[Opening Exercise data section]
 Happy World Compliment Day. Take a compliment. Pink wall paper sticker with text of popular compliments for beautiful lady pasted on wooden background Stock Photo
[Closing Exercise data section]
[Opening Exercise data section]
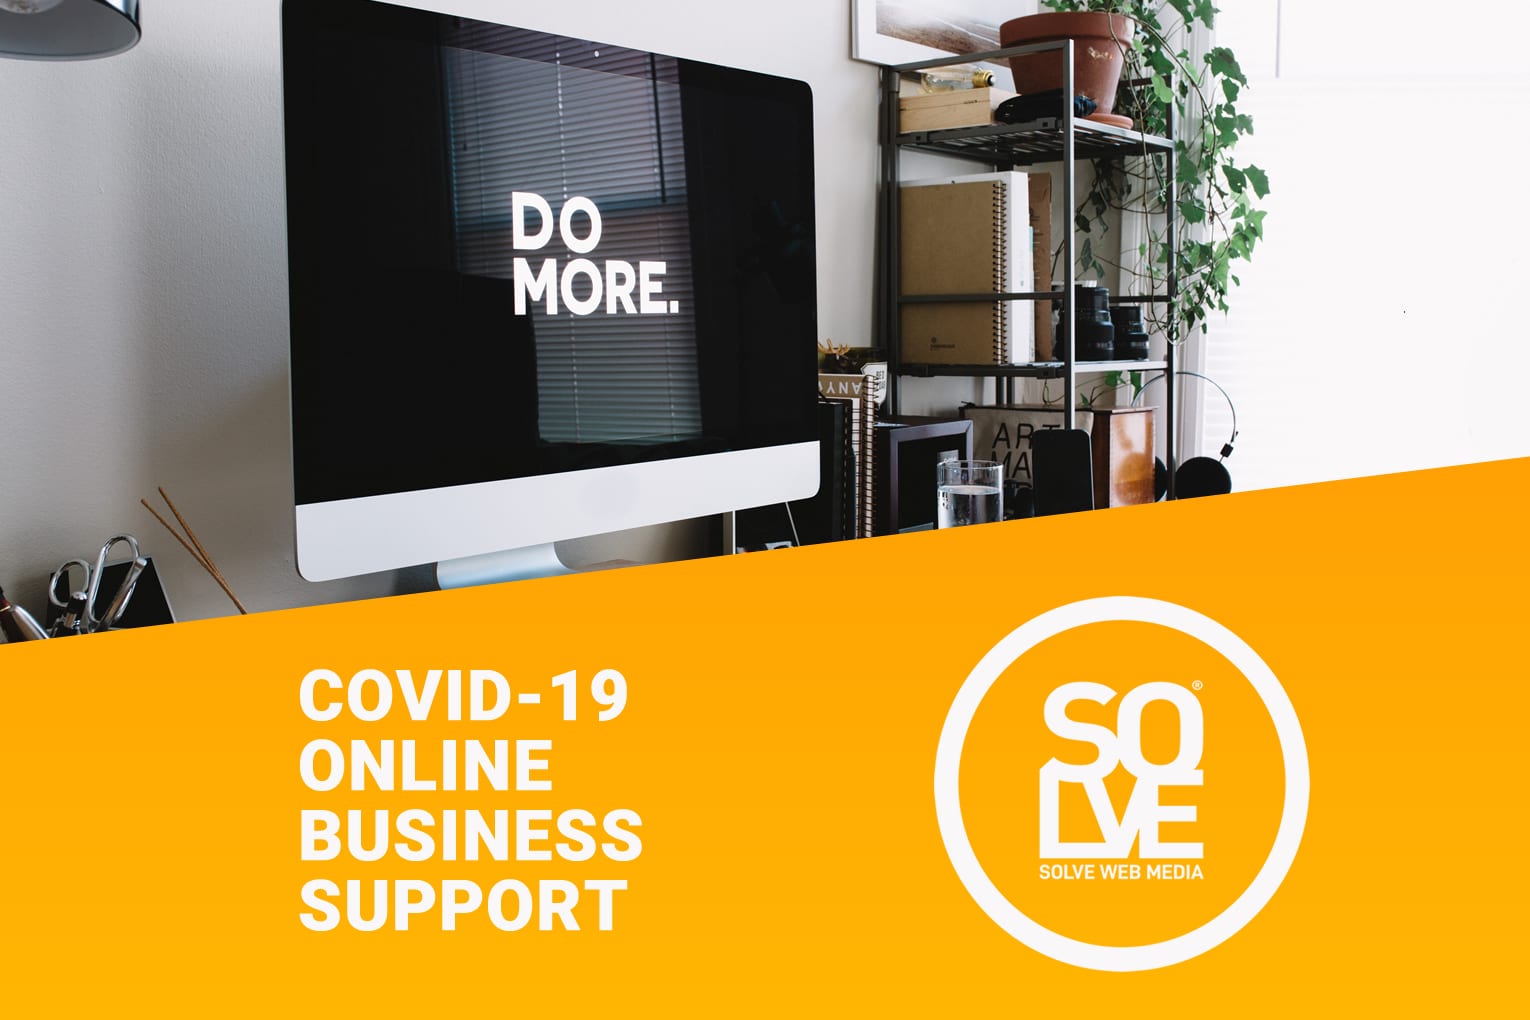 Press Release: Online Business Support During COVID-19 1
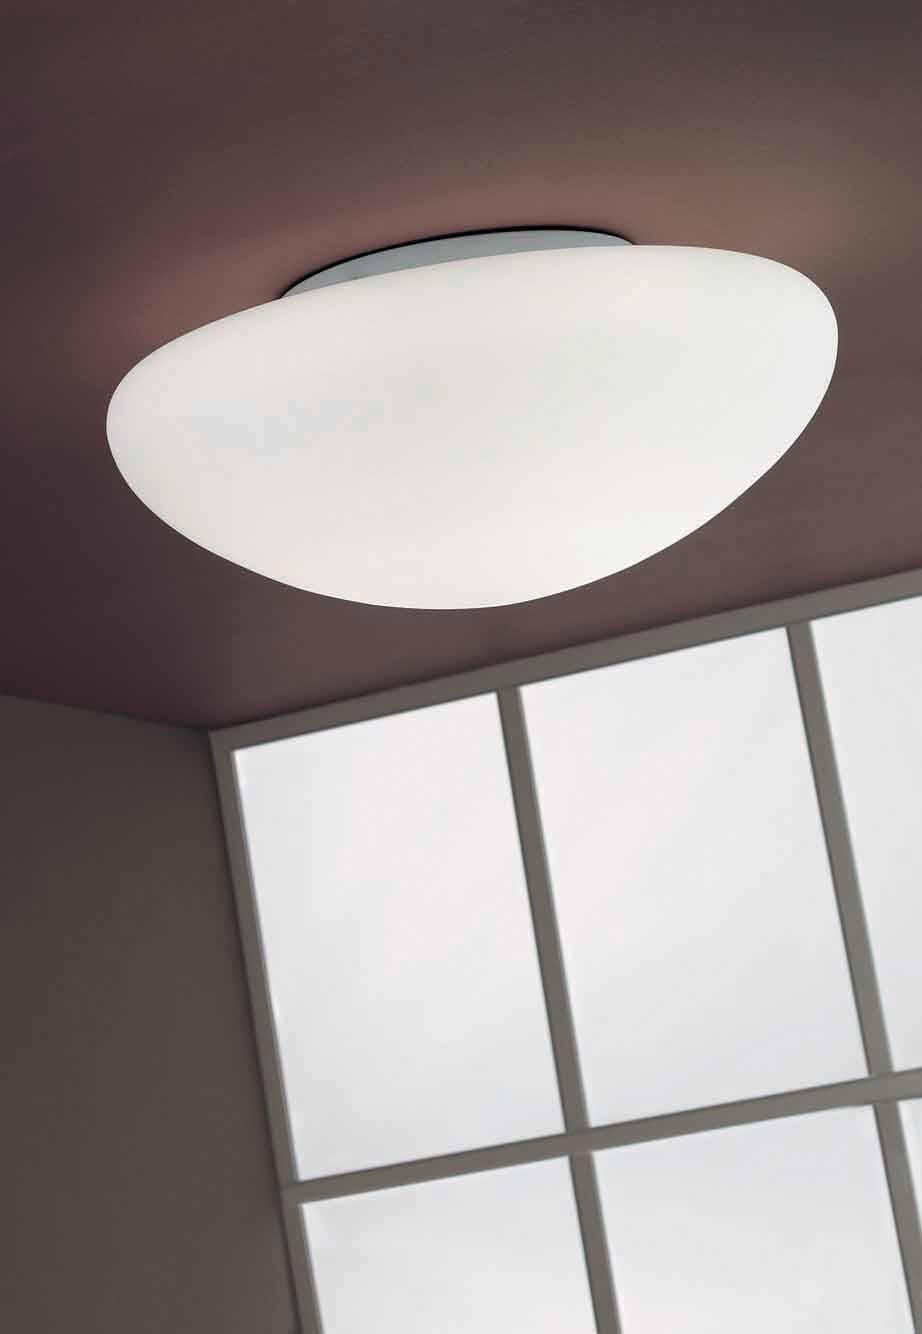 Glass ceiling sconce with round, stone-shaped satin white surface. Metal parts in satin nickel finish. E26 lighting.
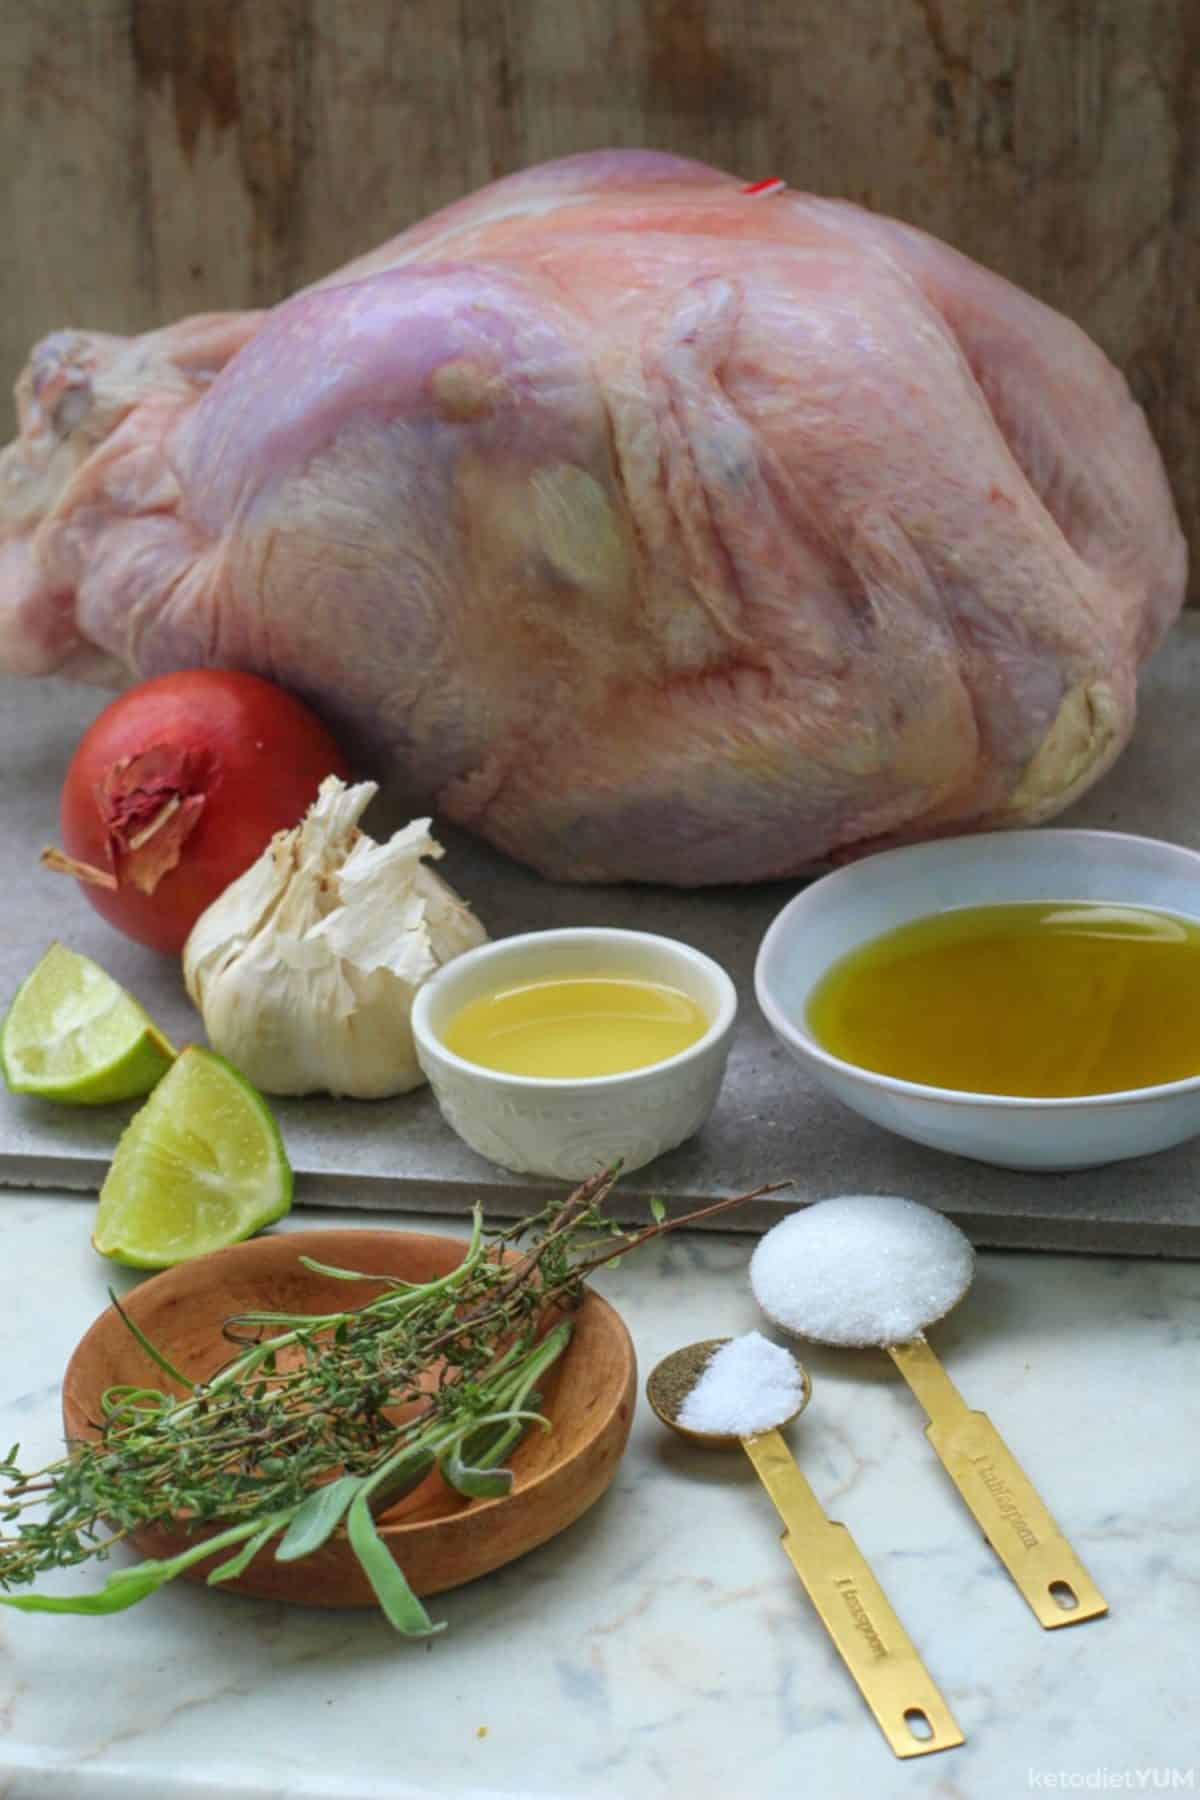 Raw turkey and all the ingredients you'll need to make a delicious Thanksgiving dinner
[Closing Exercise data section]
[Opening Exercise data section]
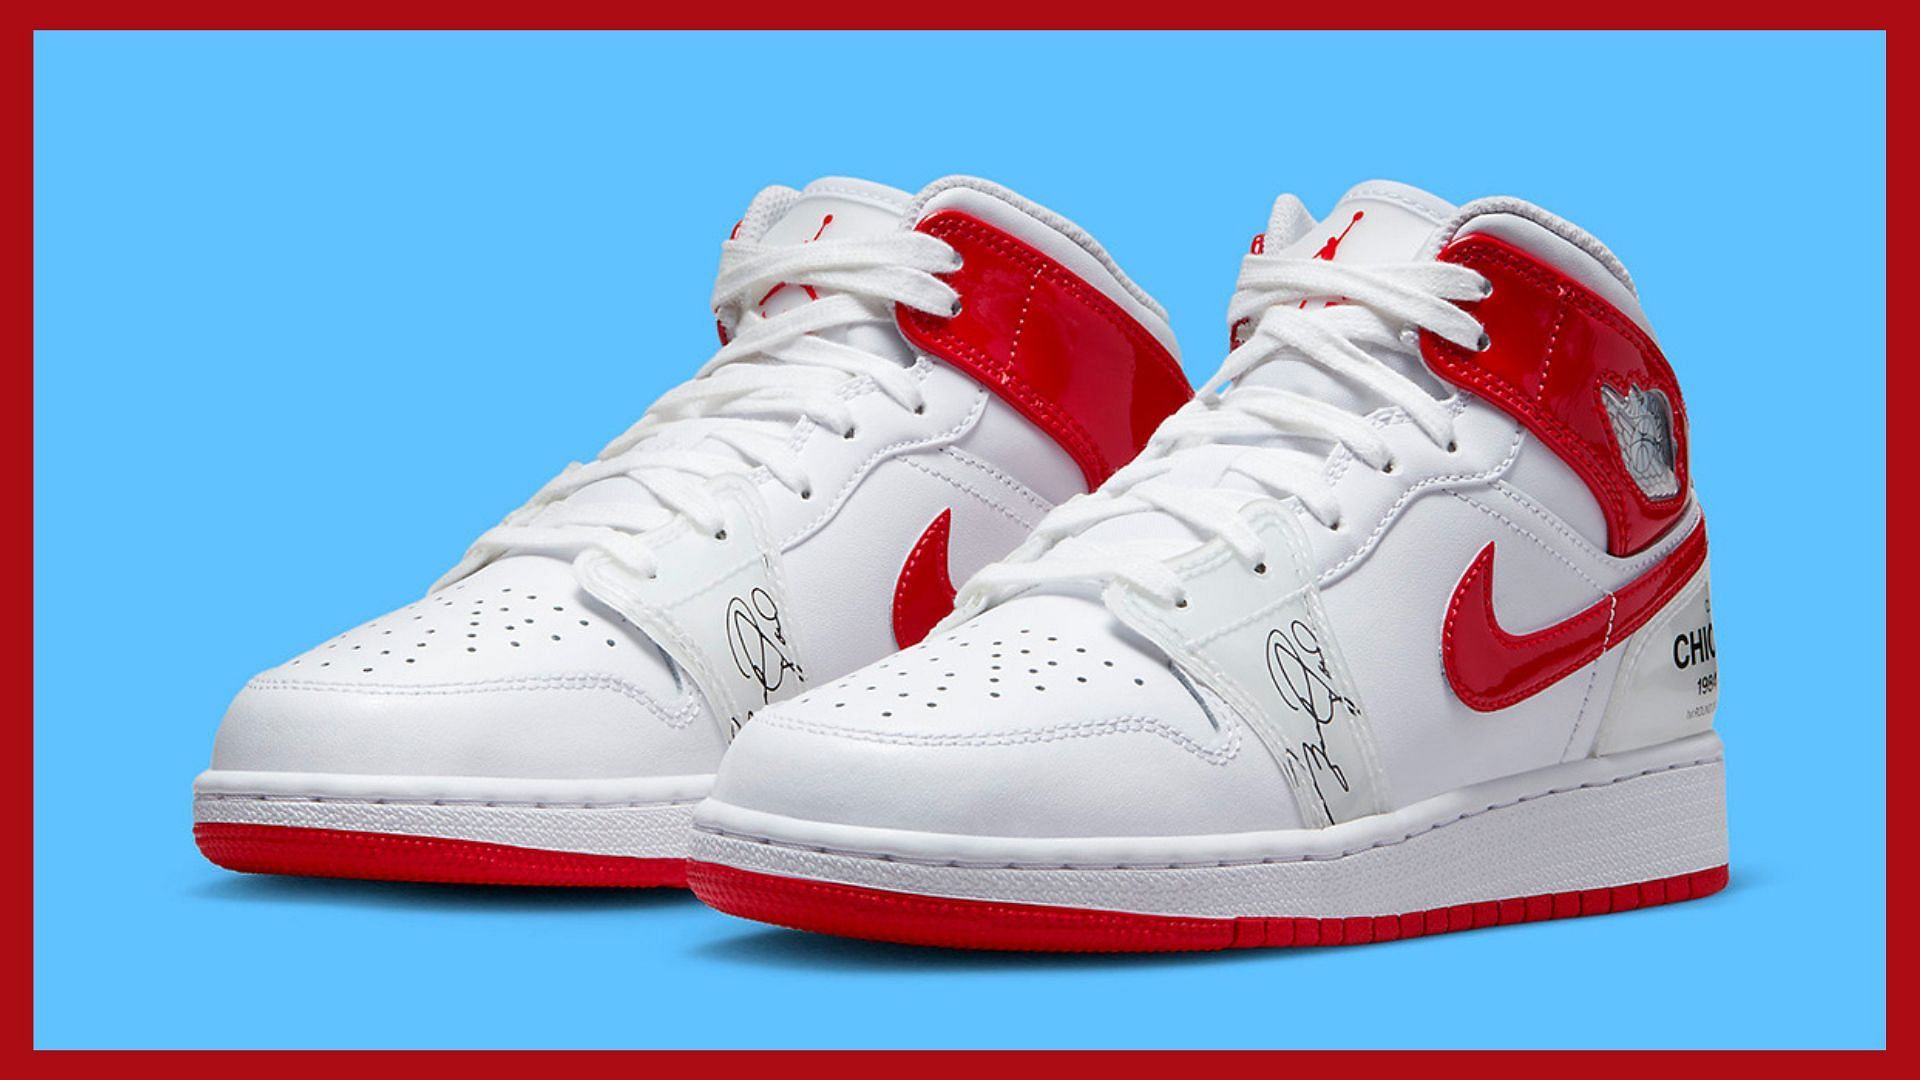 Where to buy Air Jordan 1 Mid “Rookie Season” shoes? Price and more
[Closing Exercise data section]
◆ **Problem**
The stretch to restate runs from the line above containing "Glass ceiling sconce" through the line containing "Raw turkey and". Copy it word for word, ends included, without pictures.

◆ **Task solution**
 Glass ceiling sconce with round, stone-shaped satin white surface. Metal parts in satin nickel finish. E26 lighting.
 Raw turkey and all the ingredients you'll need to make a delicious Thanksgiving dinner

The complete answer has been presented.